When increased fluorescence intensity by the novel chymotrypsin probe was calculated in vitro by evaluating fluorescence intensity for the various chymotrypsin concentration samples, we confirmed the possibility of quantitative evaluation of chymotrypsin activity with sufficient linearity (Fig. 34.2). Yamashita et al. had previously revealed that this probe could specifically identify pancreatic juice in surgically drained fluids after pancreatic resection [10]. In the same study on patients undergoing pancreaticoduodenectomy, fluorescence imaging, after the chymotrypsin probe was sprayed on filter paper transcribing the pancreatic stump, enabled visualization of a pancreatic leak and accurate estimation of symptomatic postoperative PF [10].

It is also an innovation that the chymotrypsin probe targets the type of protease—not amylase—that can potentially cause severe tissue damage and lead to serious postoperative complications associated with PFs. Postoperative PF is presently diagnosed by evaluating amylase levels [13, 14] using International Study Group on Pancreatic Fistula classification grades [15]. It is unlikely that amylase, which is simply a glycolytic enzyme, directly triggers the complications stemming from postoperative PFs. Some authors have indicated that the current definition of postoperative PF, which is based on amylase levels in drainage fluids, does not always reflect complication severity [16, 17]. Pancreatic protease secretion can result from several factors, such as diet, pancreatic disease, and stimulatory or inhibitory mediators, and may not parallel amylase secretion [18, 19].

Ideally, the chymotrypsin probe should be sprayed directly onto the pancreatic stump in the patient’s abdominal cavity to enable surgeons to accurately suture the pancreatic leak location.
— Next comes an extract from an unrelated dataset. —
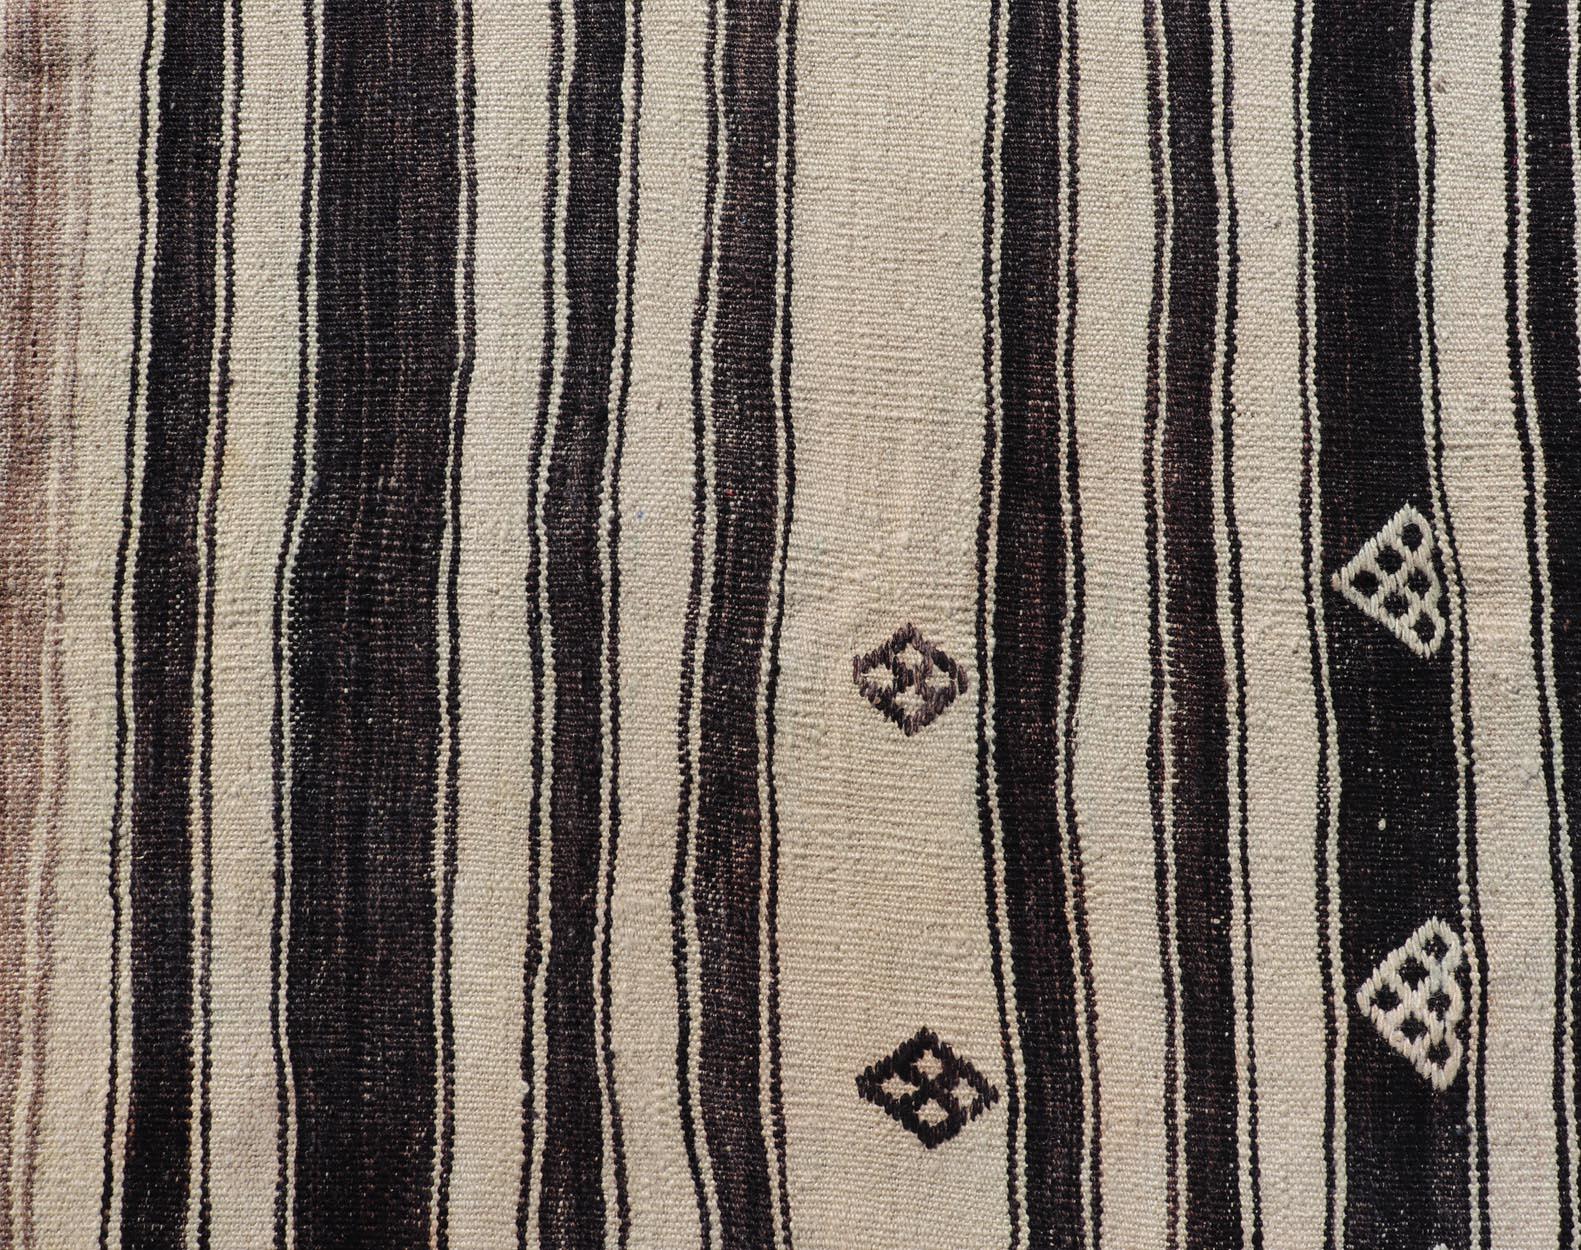 20th Century Stripe Design Turkish Vintage Flat-Weave Rug in Dark Brown, Taupe, and Cream  For Sale

However, such usage has not yet been approved in humans (pending completion of safety trials); therefore, this technique was simulated using a swine model. Chymotrypsin probe was sprayed on the pancreatic stump in abdominal cavity, following full mobilization and division of the pancreatic parenchyma with the Focus Ultracision Harmonic Scalpel (Ethicon Endo-Surgery Inc., Cincinnati, OH, USA). Five minutes after the chymotrypsin probe was sprayed onto the pancreatic stump, fluorescence imaging using a FluorVivo imaging system (INDEC, Inc., Santa Clara, CA) with a blue-filter setting (excitation, 470–490 nm; emission, 515 nm long pass) enabled identification of pancreatic juice leaking point (Fig. 34.3). Fluorescence of pancreatic juice was also identifiable by naked eye examination through light-blocking glasses (515 nm long pass), which enabled surgeons to apply pinpoint sutures and confirm pancreatic leak arrest. This technique may also enable surgeons to determine whether prophylactic abdominal drainage during pancreatic resection is needed, based on protease activities of pancreatic juice in each patient, as well to determine the presence or absence of pancreatic leak after closure/reconstruction of the pancreatic remnant.

In this chapter, mechanistic background and potential roles of fluorescence imaging using chymotrypsin probe are demonstrated. Following preclinical safety trials, first-in human study will be conducted in order to evaluate efficacy of intraoperative real-time fluorescence imaging of pancreatic leak in reducing incidence and severity of postoperative PF.